The pronotum narrows clearly near the tip and projects slightly at the front. Its surface is rough, with each puncture bearing an erect seta, and a central ridge runs along the middle. The elytra have deeply impressed striae, each lined with stout, suberect bristles. The intervals are tuberculate, mostly bare, with the sutural interval extending slightly at the apex. Interval 7 is swollen near the tip and projects weakly outward. The femora are edentate. The metafemur has a stridulatory patch near the tip. Abdominal ventrite 5 is flat, densely punctured, and covered with setae.

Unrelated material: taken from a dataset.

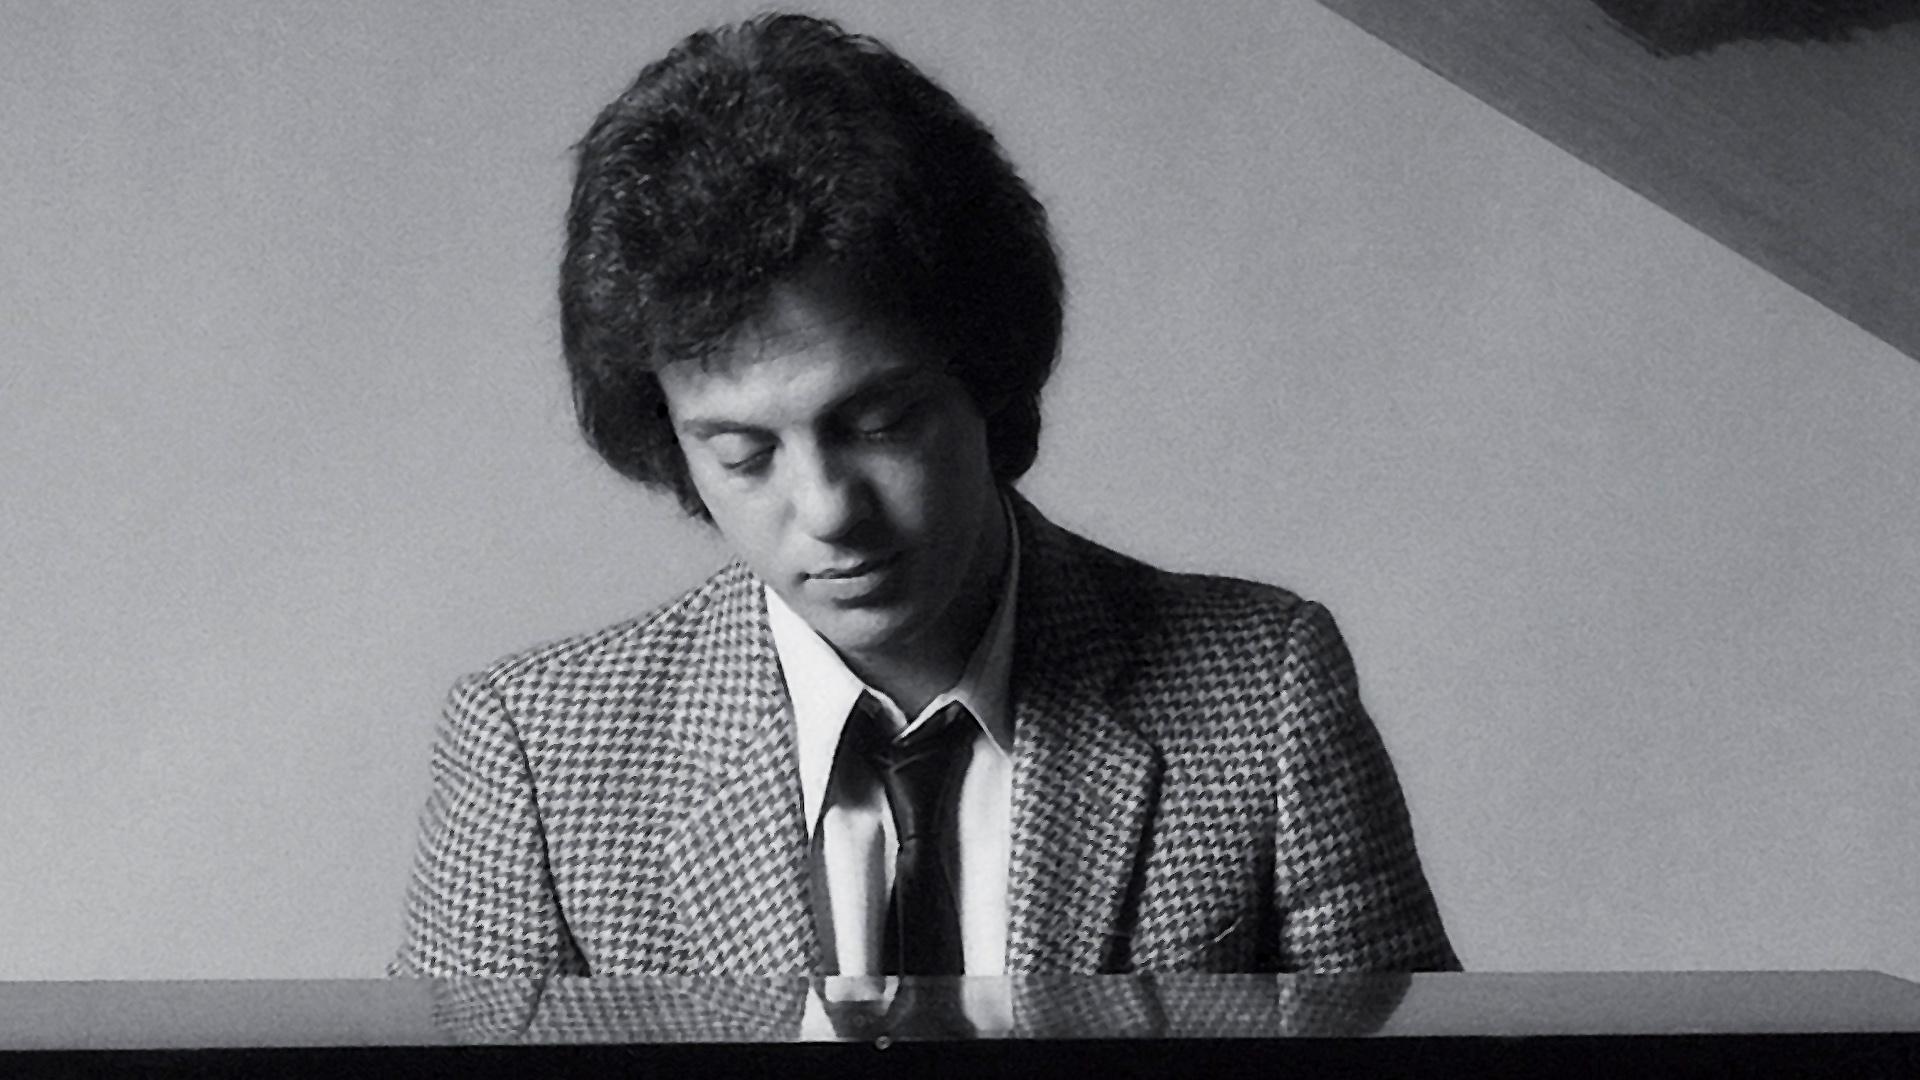 Billy Joel backdrop wallpaper
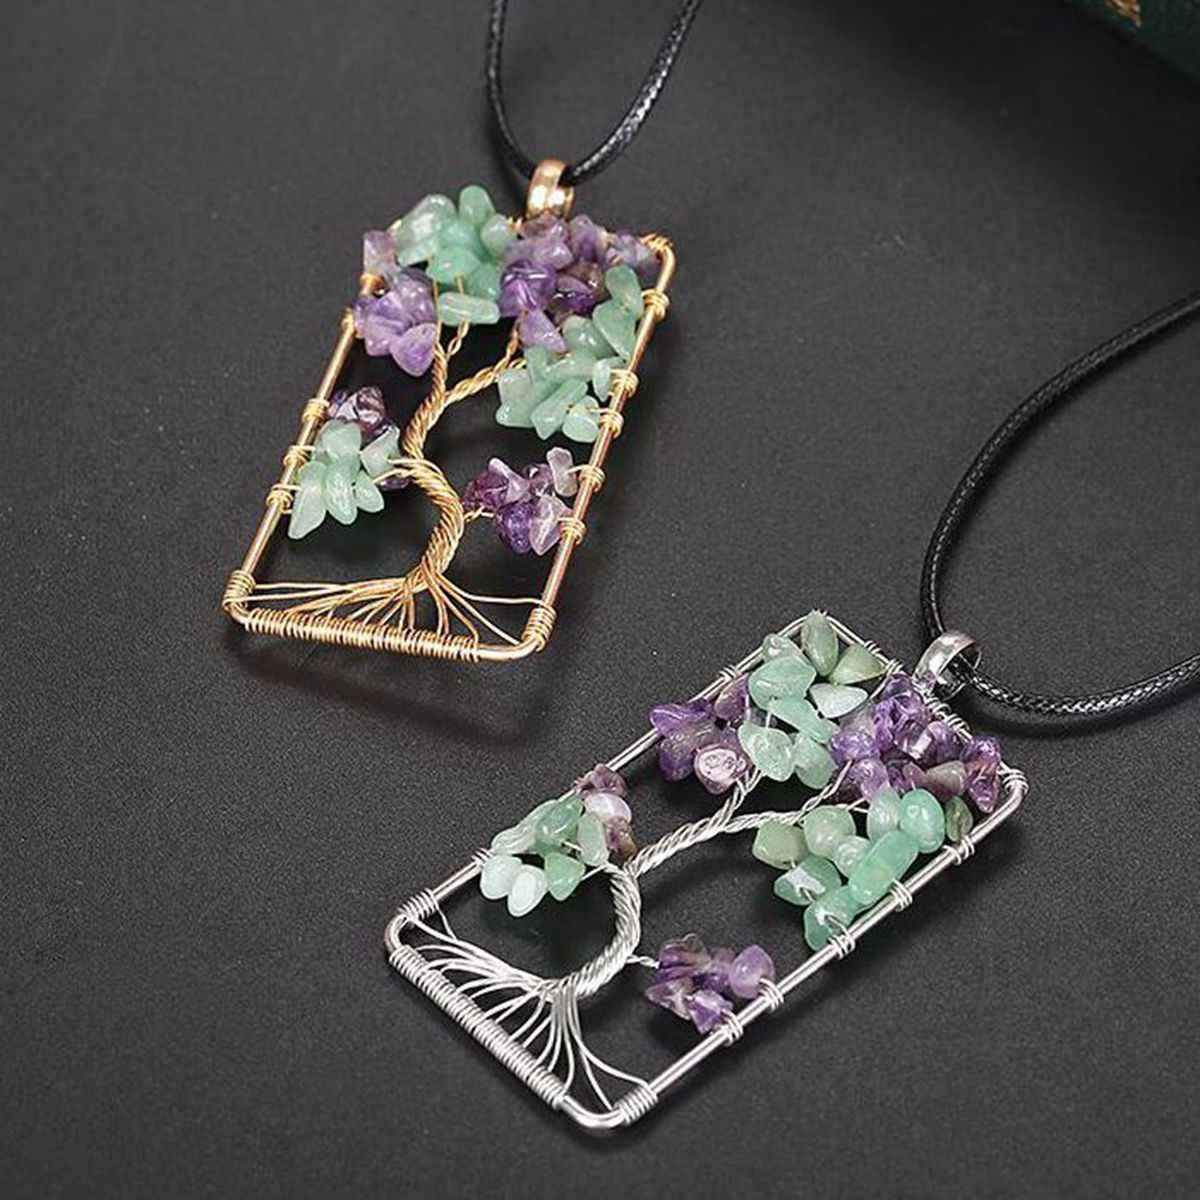 Натуральный камень, аметисты, гравий, квадратное Дерево жизни, подвеска, ожерелья для женщин и мужчин, кристалл, кварц, колье, ювелирное изделие, бохо

The penis is flattened and strongly curved in profile, with nearly parallel sides from above. The apex has a central, triangular extension. The transfer apparatus is flagelliform and 1.5 times the length of the penis body. The apodemes are 2.6 times as long, and the ductus ejaculatorius lacks a bulbus.

In females, the rostrum has pairs of lateral and submedian grooves on the upper surface, and the epistome is simple.

==Distribution==
Trigonopterus asper is endemic to the Indonesian province of West Java, where it is known only from Mount Bukittinggul. It has been recorded from elevations of 1983–2185 m.